Onlinevideotheken erwarten steigende Umsätze
Legale Filmarchive: Miese Movies

Abgehalfterte Schauspieler wie Burt Reynolds haben im Internet noch Chancen auf Publikum. Anders als in den illegalen Tauschbörsen finden Kunden in den legalen Onlinevideotheken nämlich hauptsächlich zweit- oder drittklassige Streifen wie "Commander Hamilton" und "Die Römische Kanone".

ras DÜSSELDORF. "Wir bieten Filme, die weder im Kino noch im Fernsehen laufen und eben nicht Mainstream sind", sagt Martina Fritz, Marketingvorstand der Marburger medianetCom AG, die die Onlinevideothek yourcinema.de und das Erotikportal erodrome.tv betreibt. Gegen eine Leihgebühr von fünf Euro - der Betrag orientiert sich an Videothekenpreisen - können sich Internetsurfer mit dem schnellen Zugang DSL einen Film herunterladen und 24 Stunden lang anschauen. Nach Ablauf der Leihfrist wird der Streifen verschlüsselt. Demnächst soll der 130 Filme umfassende Katalog auch für Besitzer von Modems und ISDN verfügbar sein. Was allerdings wenig Sinn macht: denn per ISDN dauert die Übertragung eines kompletten Spielfilms acht Stunden.

Neben yourcinema.de bietet in Deutschland seit Dezember 2001 auch der Eschborner Telefondienstleister Arcor ein Video-on-Demand-Portal. Im Angebot: 450 Filme, ebenfalls überwiegend zweitklassige Ware. Doch Arcor will den Katalog auf Vordermann bringen und die Zahl der abrufbaren Filme verdoppeln. "Wir erweitern und optimieren unser Filmangebot", sagt Thomas Götz, Sprecher der Geschäftsleitung von Arcor Online. So wird seit dieser Woche mit dem Film "Der Kandidat" ein renommiertes Dokumentarspiel ins Netz gestellt. Künftig kommen auch Lehrfilme ins Programm.

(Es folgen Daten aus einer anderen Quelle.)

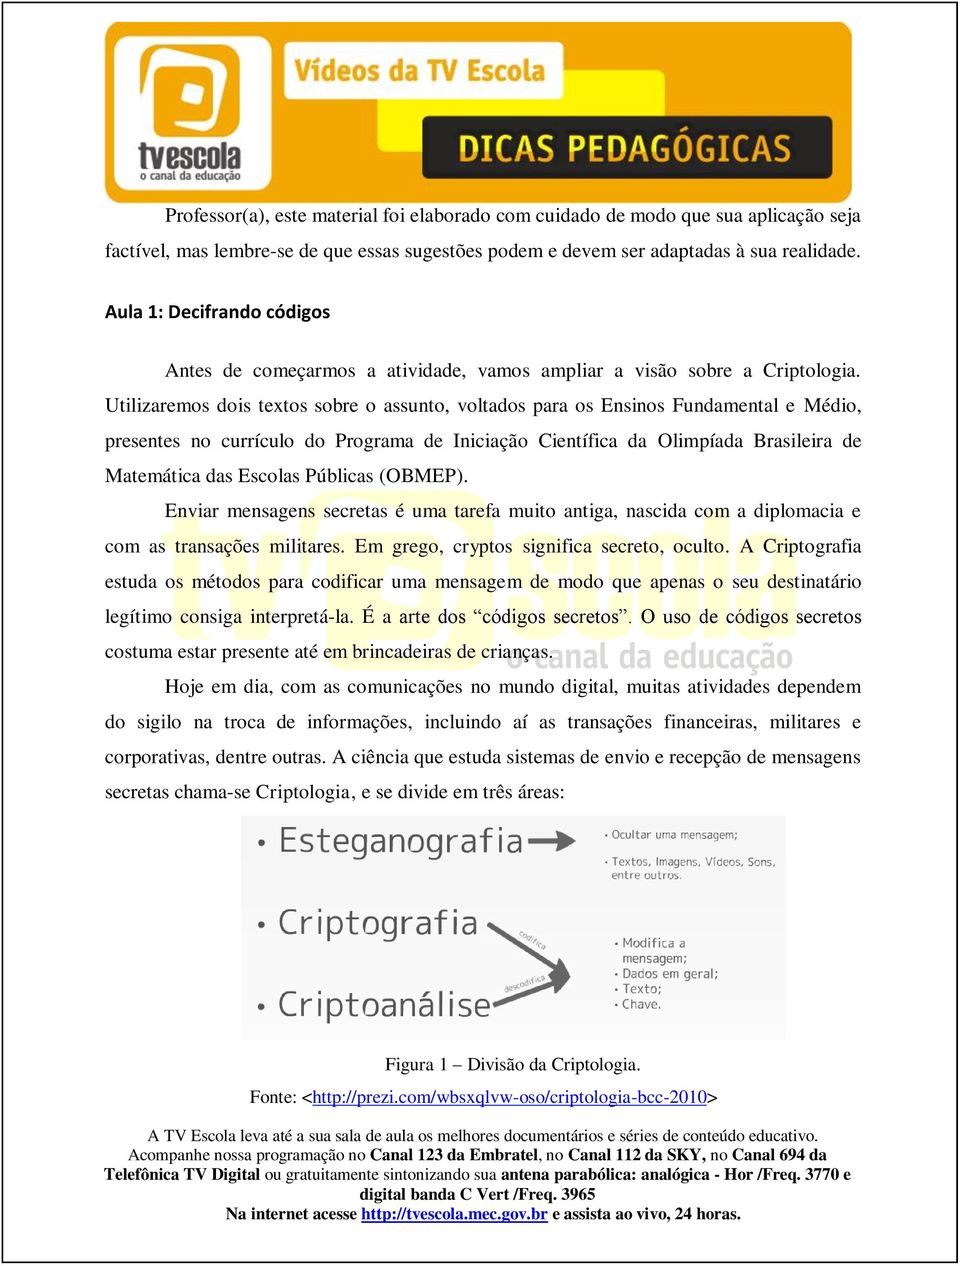 Utilizaremos dois textos sobre o assunto, voltados para os Ensinos Fundamental e Médio, presentes no currículo do Programa de Iniciação Científica da Olimpíada Brasileira de Matemática das Escolas

Arcors Qualitätsoffensive kann allerdings nicht darüber hinwegtäuschen, dass der Markt für legale Onlinevideotheken in Deutschland unbedeutend ist. Die Betreiber geben zwar weder Kundenzahlen noch Kosten bekannt, rechnen aber offenbar mit einer Durststrecke. "Das ist eine strategische Investition. Das Bedürfnis nach Onlinevideotheken im Internet lässt sich nicht wegdiskutieren, und die Zeit arbeitet für uns", sagt Götz. Mit dieser Einschätzung könnte Arcor Online Recht haben. Denn nach Erkenntnissen des US-Marktforschungsunternehmens Frost & Sullivan werden im Jahr 2006 rund 8,5 Millionen Europäer Onlinevideotheken nutzen - fast 20-mal so viele wie heute. Der Umsatz legaler Filmarchive soll in Europa in vier Jahren gut drei Milliarden Euro betragen.